▸ WORK TO COMPLETE:
What should be copied is the stretch of entries below from the line with "Nördlichen Cat-eyed Snake" up to and including the line with "ステップワゴン RP1 RP2", exactly and without images.

▸ SUPPLIED RECORDS:
■ ■ ■ ■ ■
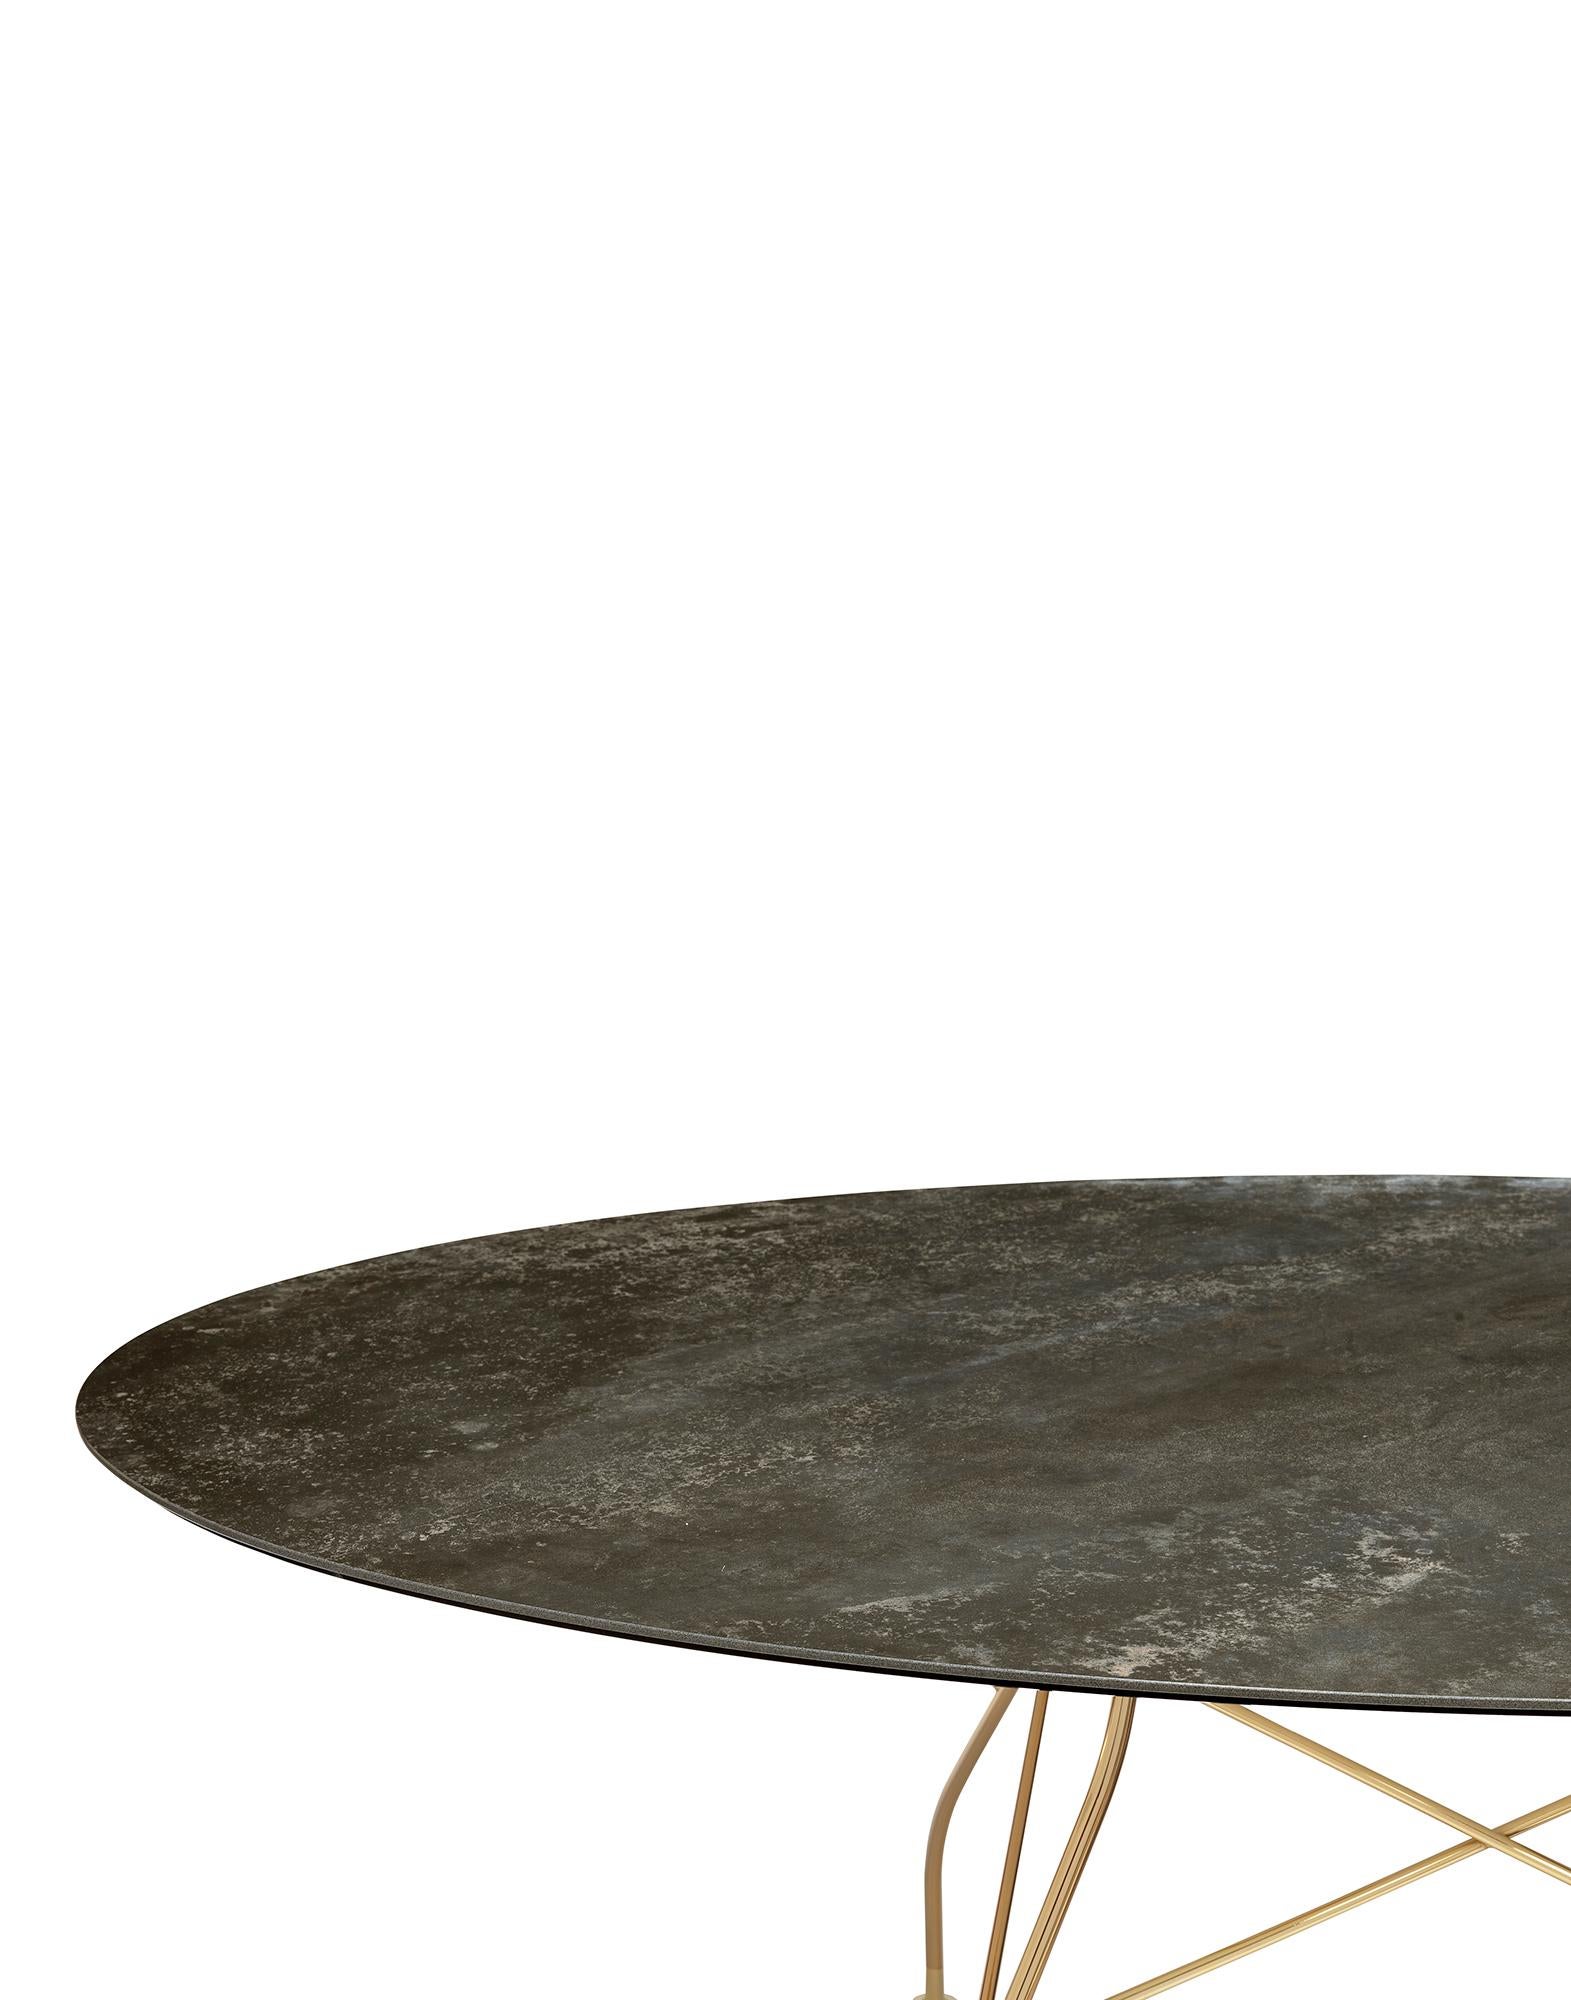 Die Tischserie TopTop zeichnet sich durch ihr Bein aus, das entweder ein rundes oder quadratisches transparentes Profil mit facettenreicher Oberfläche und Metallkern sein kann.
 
■ ■ ■ ■ ■
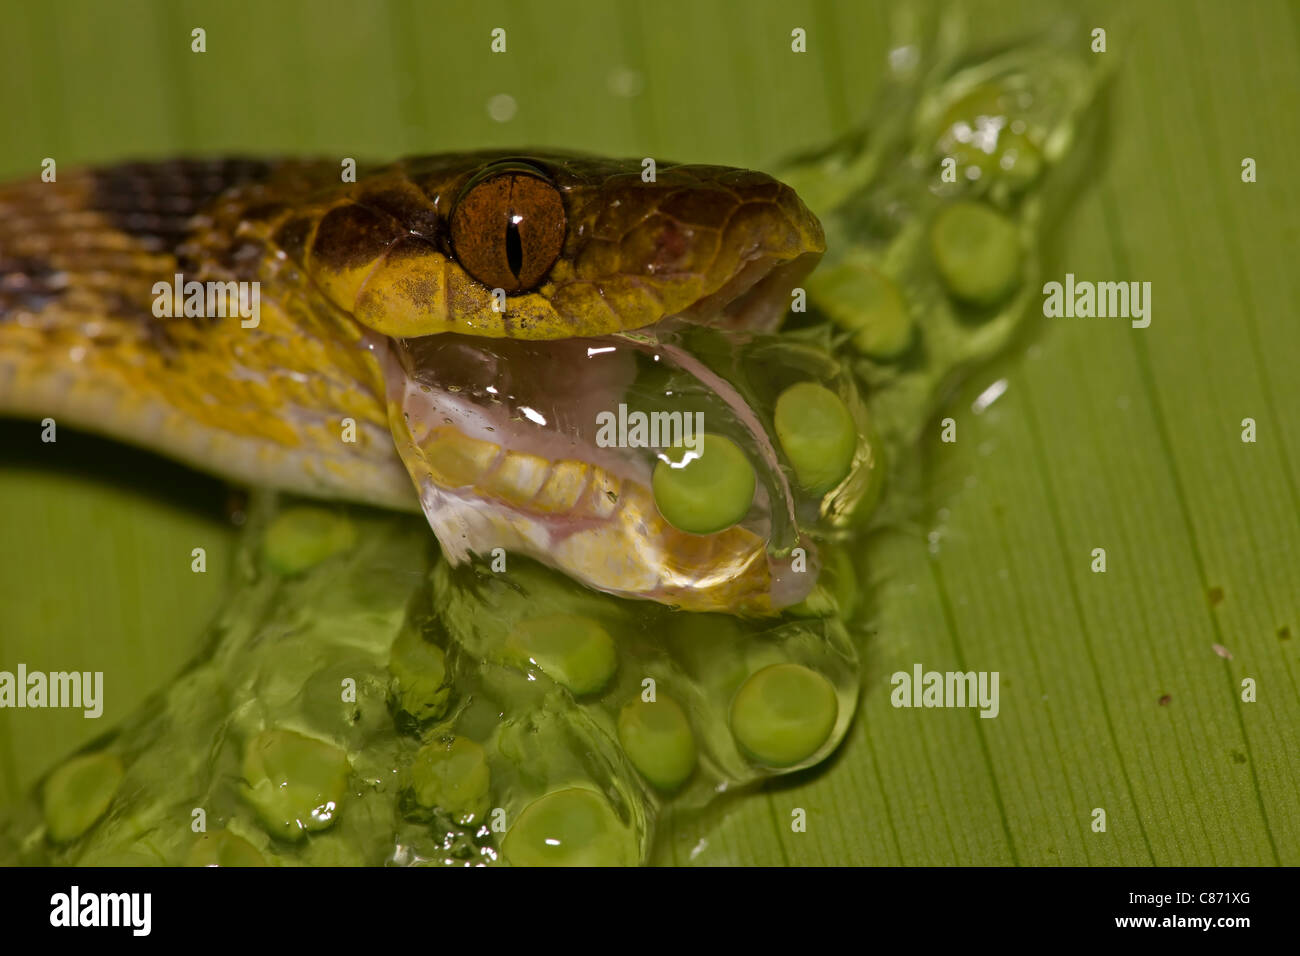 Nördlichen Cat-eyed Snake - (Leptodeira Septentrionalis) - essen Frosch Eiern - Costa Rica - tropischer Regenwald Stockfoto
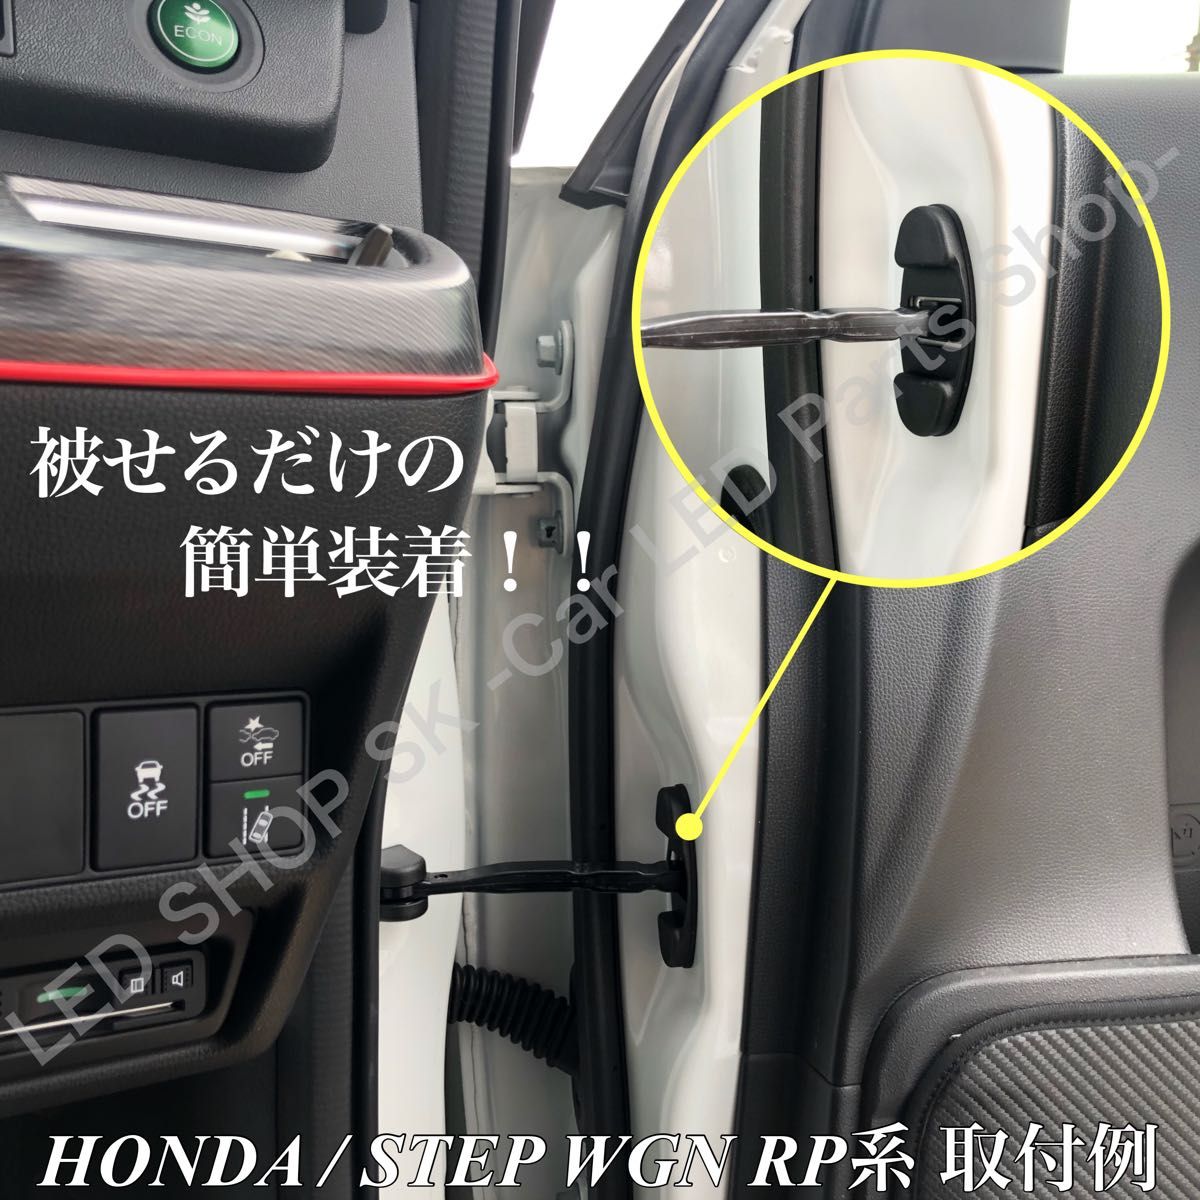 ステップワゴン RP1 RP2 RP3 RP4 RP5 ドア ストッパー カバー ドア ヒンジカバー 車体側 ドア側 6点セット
■ ■ ■ ■ ■
▸ TASK ANSWER:
 Nördlichen Cat-eyed Snake - (Leptodeira Septentrionalis) - essen Frosch Eiern - Costa Rica - tropischer Regenwald Stockfoto
 ステップワゴン RP1 RP2 RP3 RP4 RP5 ドア ストッパー カバー ドア ヒンジカバー 車体側 ドア側 6点セット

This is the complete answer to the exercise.